Effect of Intraoperative Dexmedetomidine on Post-Craniotomy Pain.

ABSTRACT

PURPOSE: Pain management for patients who have undergone a craniotomy remains challenging. This study aimed to determine whether intraoperative dexmedetomidine could reduce postoperative pain, analgesic consumption, and possible adverse events in patients after craniotomy. METHODS: Eighty patients scheduled for elective supratentorial craniotomy under sevoflurane-fentanyl anesthesia were randomly allocated into two equal groups, to receive a continuous dexmedetomidine infusion of 0.5 µg/kg/h or placebo, beginning after induction and continuing until the start of skin closure. Intravenous tramadol (0.5 mg/kg) was administered to achieve an 11-point verbal rating scale (a discrete 0-10 scale) score of 4 or less in the postanesthesia care unit and, thereafter, on the ward. Pain scores, tramadol consumption, sedation scores, postoperative nausea and vomiting (PONV) scores, and other adverse events were recorded in the first 24 hours postoperatively. FINDINGS: Seventy-six patients were included in the analyses. Demographic data, surgical characteristics, and sedation levels were similar between the groups. Dexmedetomidine reduced pain scores (30 minutes, P = 0.041; 2 hours, P = 0.021) and tramadol consumption (0-2 hours, P = 0.043; 0-6 hours, P = 0.006; 0-12 hours, P = 0.023; 0-24 hours, P = 0.040) postoperatively.

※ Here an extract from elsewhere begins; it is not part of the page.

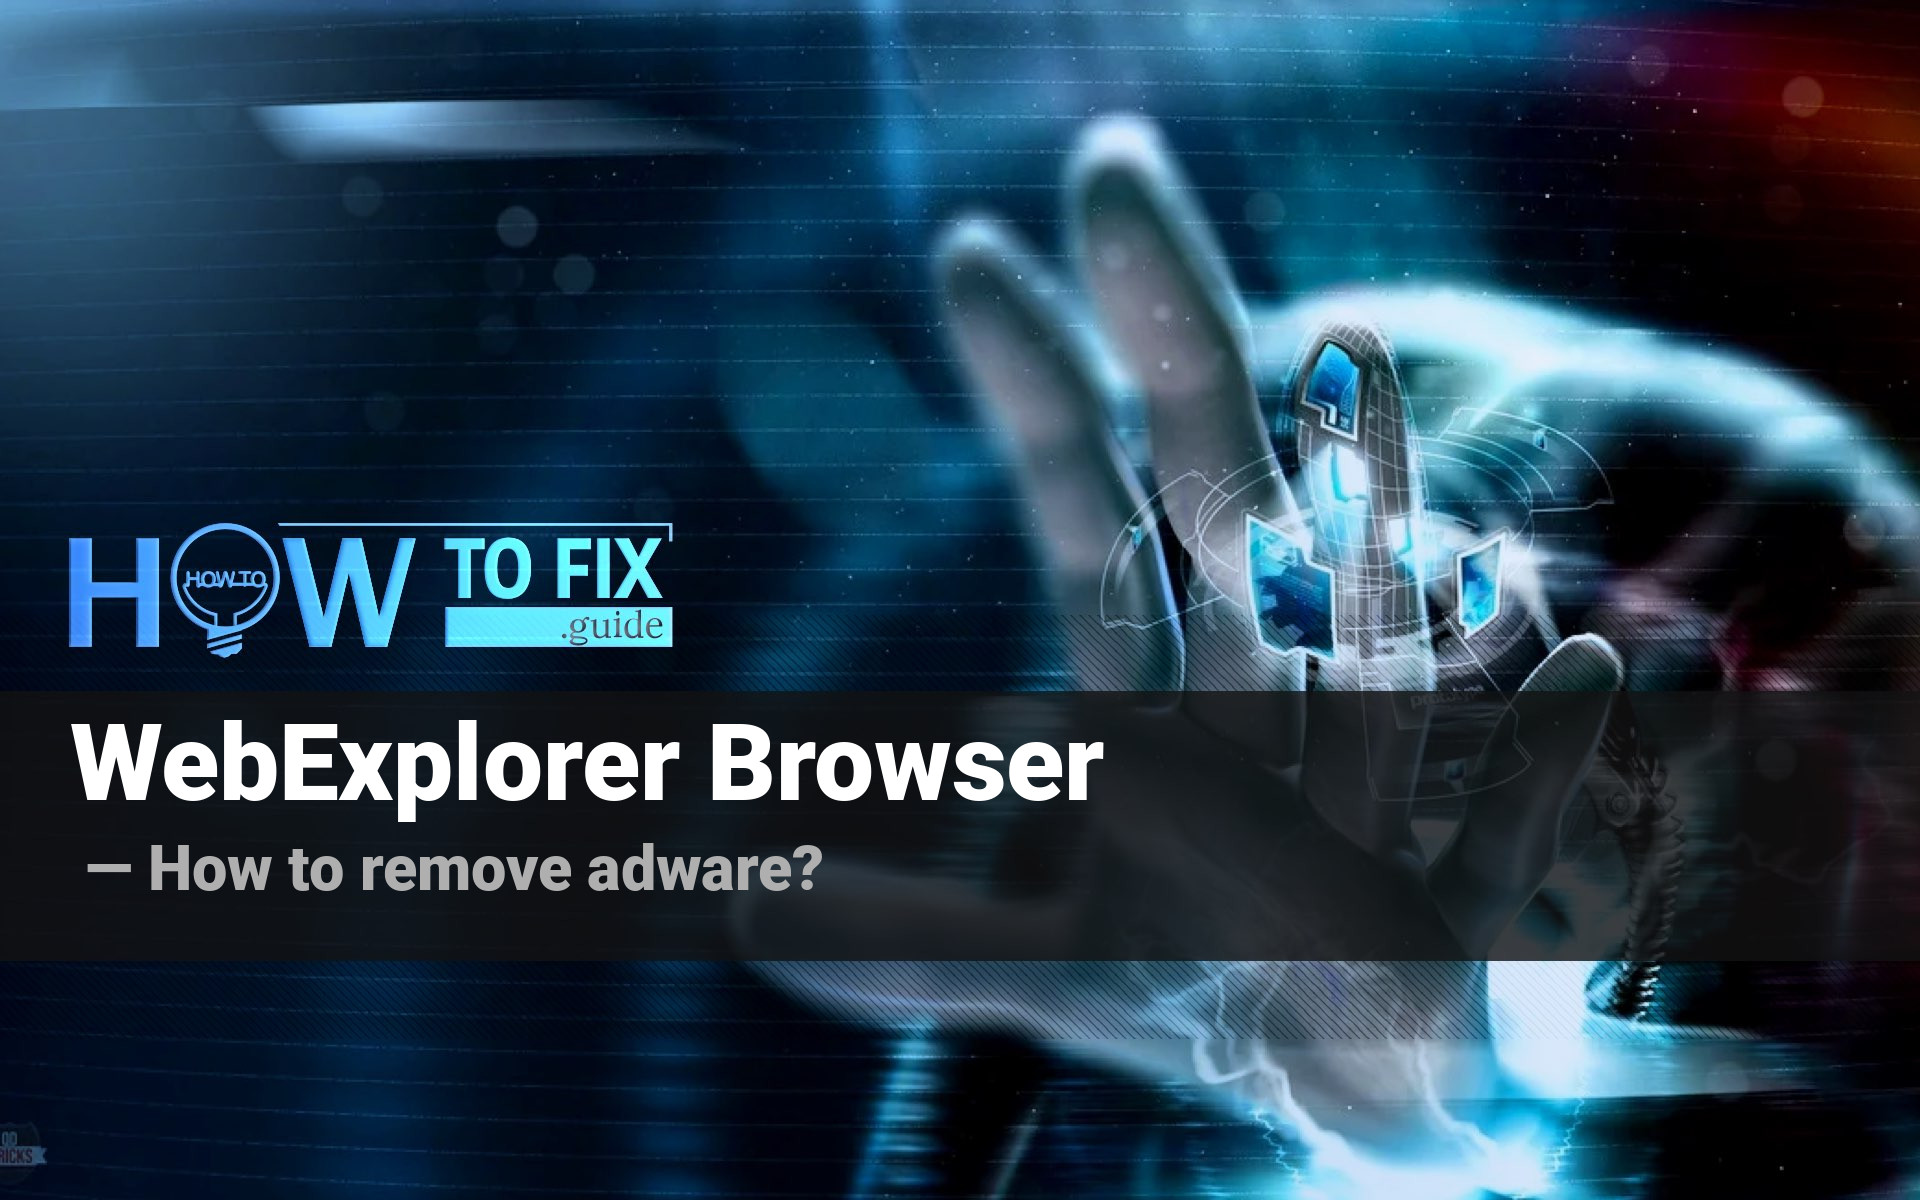 How to remove WebExplorer Browser?

Dexmedetomidine also reduced PONV scores at 20, 60, 90, 120, and 240 minutes (P = 0.038, 0.022, 0.018, 0.037, 0.016, respectively). The dexmedetomidine group exhibited fewer PONV events that required treatment (P = 0.005). IMPLICATIONS Intraoperative dexmedetomidine infusion was effective for reducing pain and analgesic consumption after craniotomy. In addition, dexmedetomidine may help to reduce PONV in patients after craniotomy treated with tramadol postoperatively. Chinese Clinical Trial Register identifier ChiCTR-TRC-13003598.